Directions
Leaving out the pictures, return word for word the stretch of entries below from the line holding "The Russian government" through the line holding "Two Beers/Odell/Harpoon/Fremont/istock/Uproxx".

Extracted records
BEGIN

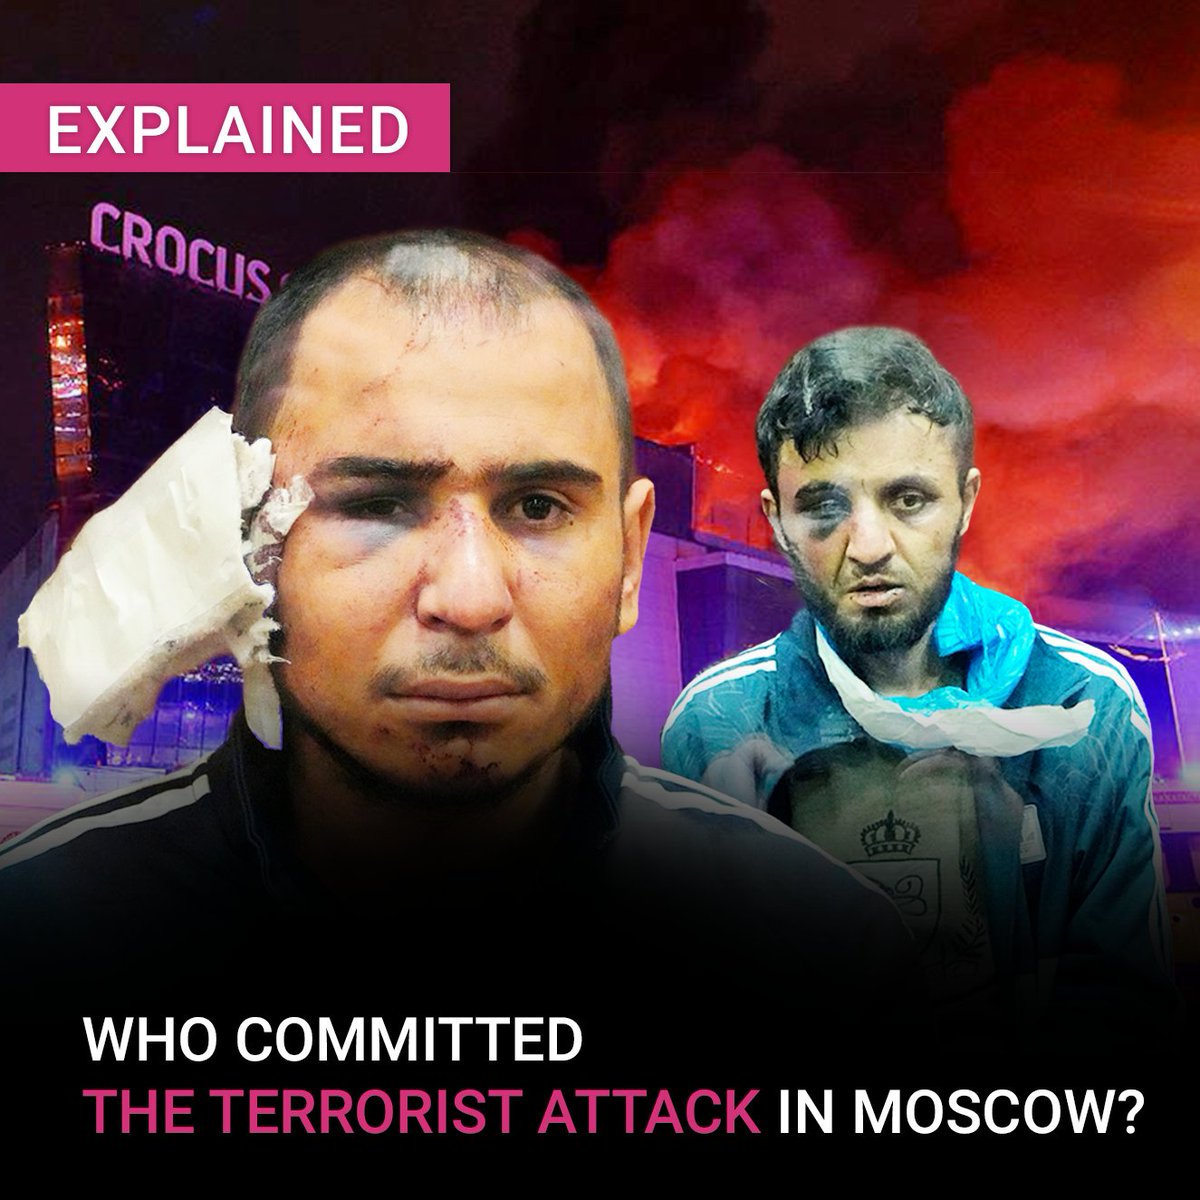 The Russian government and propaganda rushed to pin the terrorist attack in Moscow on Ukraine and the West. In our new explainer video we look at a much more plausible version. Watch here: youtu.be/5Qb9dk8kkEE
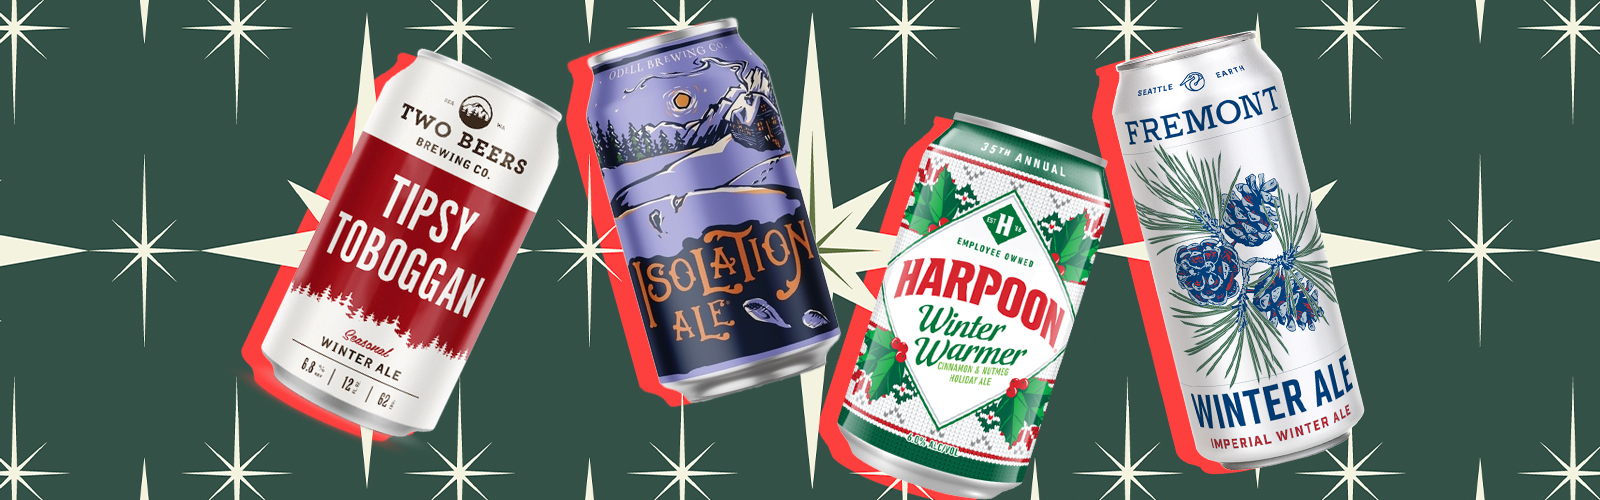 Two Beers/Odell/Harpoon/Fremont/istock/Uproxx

END
BEGIN

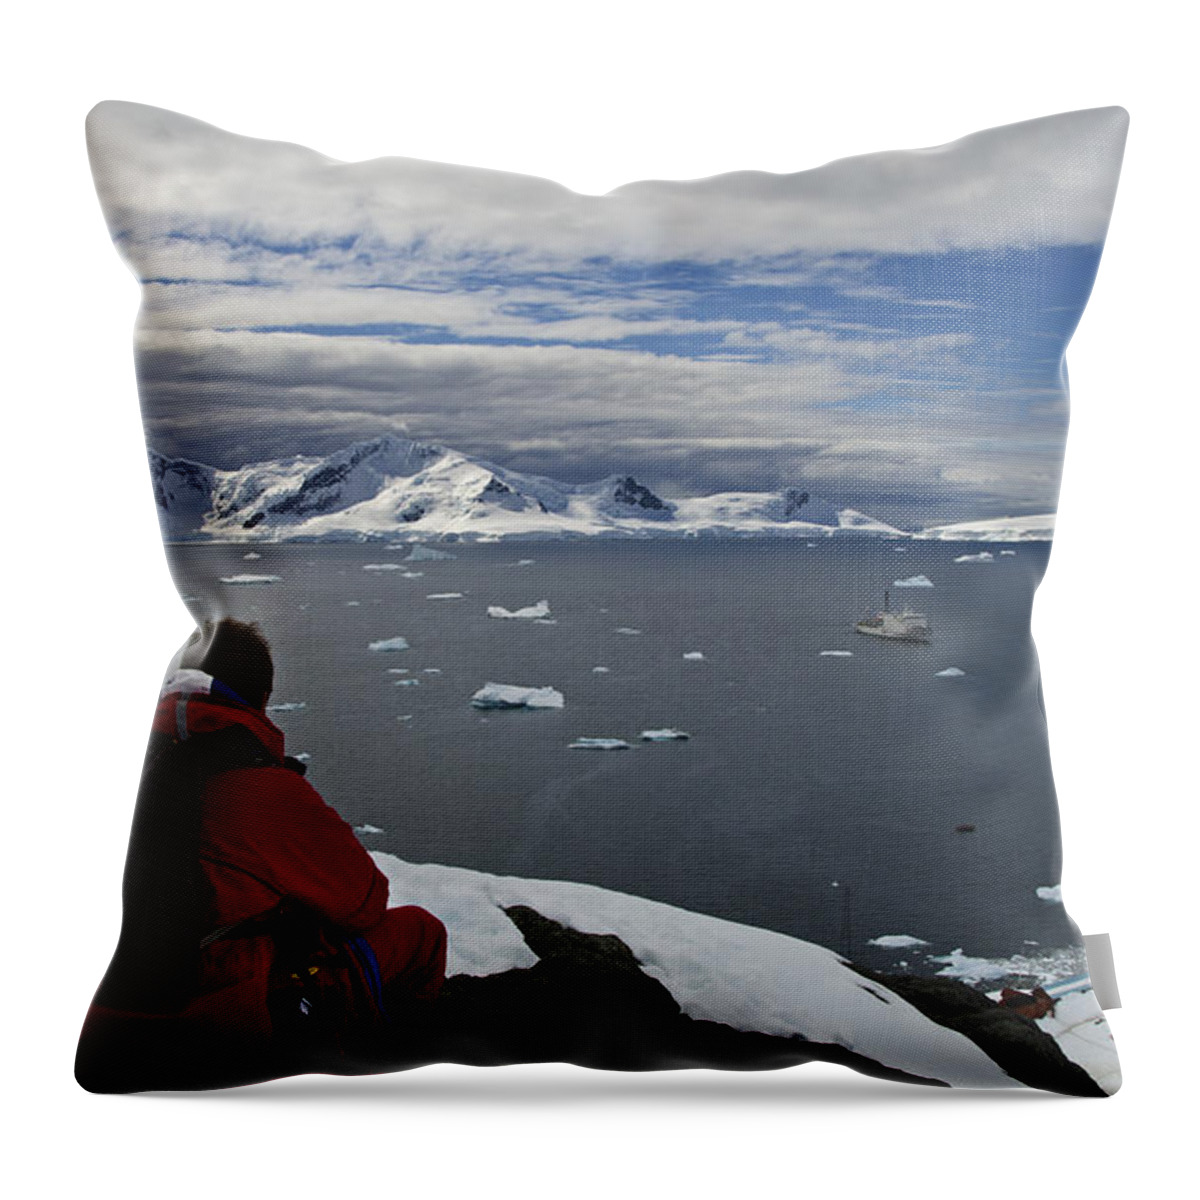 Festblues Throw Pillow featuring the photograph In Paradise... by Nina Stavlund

END

Result
 The Russian government and propaganda rushed to pin the terrorist attack in Moscow on Ukraine and the West. In our new explainer video we look at a much more plausible version. Watch here: youtu.be/5Qb9dk8kkEE
 Two Beers/Odell/Harpoon/Fremont/istock/Uproxx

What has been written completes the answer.